The notion of putting nuclear reactors on any type of spacecraft raises the hackles of some antinuclear activists. They point to mishaps in the 1970s and '80s, when two Soviet nuclear-powered reconnaissance satellites fell to Earth. One landed in the Indian Ocean. But Cosmos 954 crashed near Great Slave Lake in the Northwest Territories, spreading radioactive debris across nearly 50,000 square miles of the Canadian Arctic.
"When you look at the average failure rate for rockets, eventually, you are going to have a problem," says Bruce Gagnon, secretary and coordinator for the Global Network Against Weapons and Nuclear Power in Space, based in Gainesville, Fla.
He also is concerned that proposals for low-power nuclear reactors in space represent the leading edge of Pentagon efforts to move toward higher-power space reactors to energize space-based weapons.
He says he prefers to focus on solar-electric craft, to develop the technology to the point where it can be used in deep space. There's no rush, he suggests. The planets "aren't going anywhere," he points out.

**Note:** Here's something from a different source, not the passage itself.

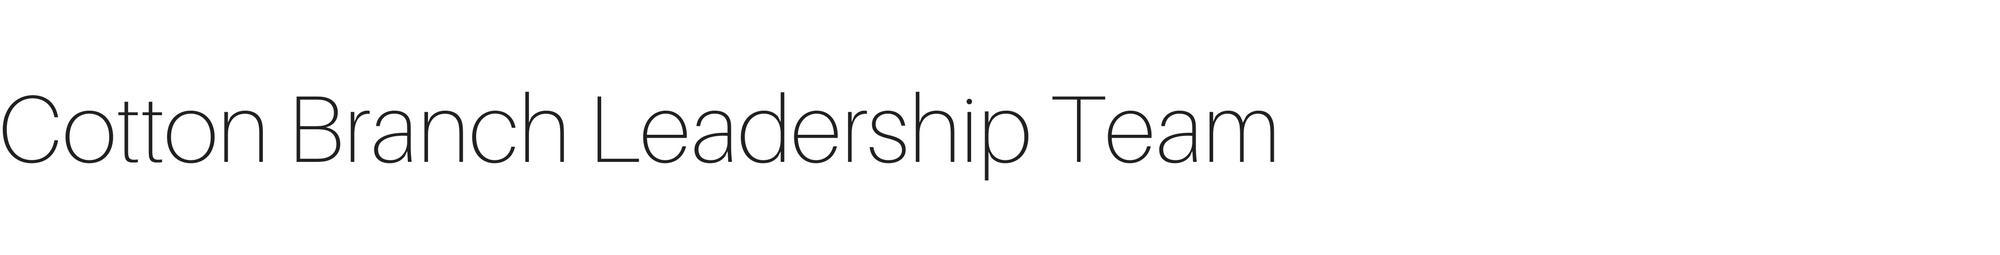 Leadership_Team.png

Others counter that no developments in the wings are likely to allow solar energy to power a mission to the outer planets
And the planets are too going somewhere: Their positions relative to Earth are constantly changing, in some cases closing a window for exploration that won't reopen for another 248 years.

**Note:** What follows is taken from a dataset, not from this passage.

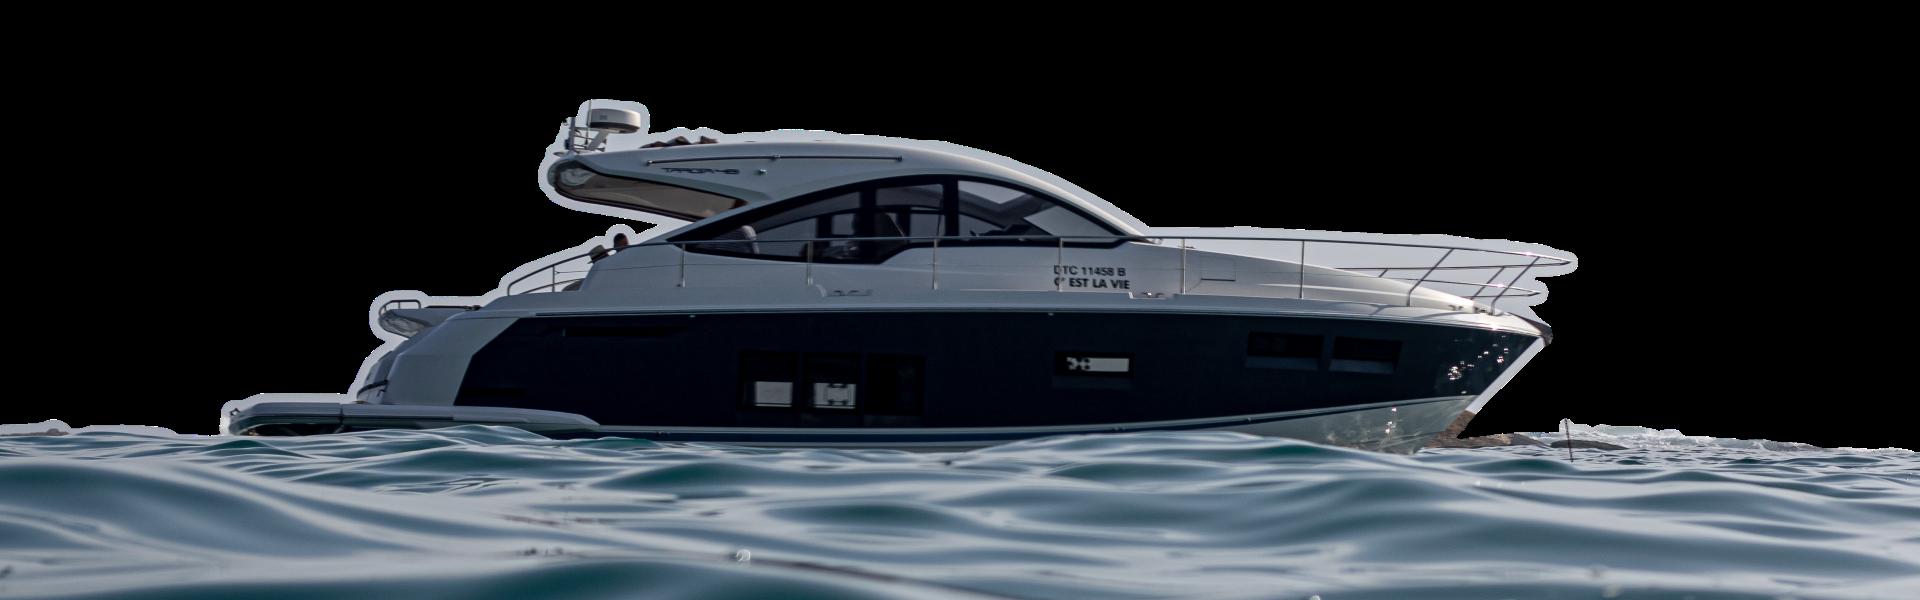 Folienwerft-Folierungen-Bootsfolierung-Yachtfolierung-Schiffsfolierung-Flensburg

They add that if the military were interested in the types of reactors NASA has in mind, it would already have developed them. Moreover, they say, safety would be a paramount goal.
"Safety will be Job 1," says NASA's Weiler. New reactors and RTGs [radio isotope thermo-electric generators] must survive any bad-day scenario."
Is it possible to design a nuclear reactor for space exploration that isn't too hot to handle?
Seven years ago, David Poston decided to find out.
With a bit of discretionary money from his lab director's budget, the Los Alamos National Laboratory physicist and colleagues have pulled together a mini nuclear-power plant that they say could keep a craft humming long after it reached the outer solar system.
Although the reactor has not been fully activated, or taken "critical," it has passed several key tests during the past four years, highlighting its potential, says Dr. Poston, leader of the lab's space-fission power team.
Dubbed the SAFE-400 reactor, the project came together "pretty much in our spare time," Poston says.
The reactor's core, about the size of a small trash can, consists of uranium fuel surrounding a set of pipes that circulate gas through the core. Energy released in nuclear chain reactions would heat the gas, which can be fed into one of several types of systems to produce electricity.
That electricity would power a spacecraft's instruments as well as run advanced units such as ion-drive motors, which build momentum by constantly expelling electrically charged particles from its exhaust nozzle.
The core's small size contributes to what Poston calls its "passively safe" design. Standing on its own, the reactor can't go critical because neutrons from the decaying uranium are more likely to escape the core than they are to strike another nucleus and start a chain reaction. Indeed, the reactor requires special shields to keep the neutrons corralled for use.
The system could be engineered, he says, to move those shields into place only after command from the ground. Thus the likelihood of a launch accident activating the reactor would be vanishingly small.
Moreover, he adds, the inactive core emits so little radiation that a person would have to hug it for 84 days to receive a dose of radiation as large as a typical chest X-ray.
So far, Poston says, his team has tested the 400-kilowatt reactor at NASA's Marshall Space Flight Center and at CalTech's Jet Propulsion Laboratory. In lieu of chain reactions to generate heat, the team substituted electrical heating elements to achieve the operating temperatures the reactor is designed to reach. Tests included connecting the reactor to an ion-drive motor at JPL.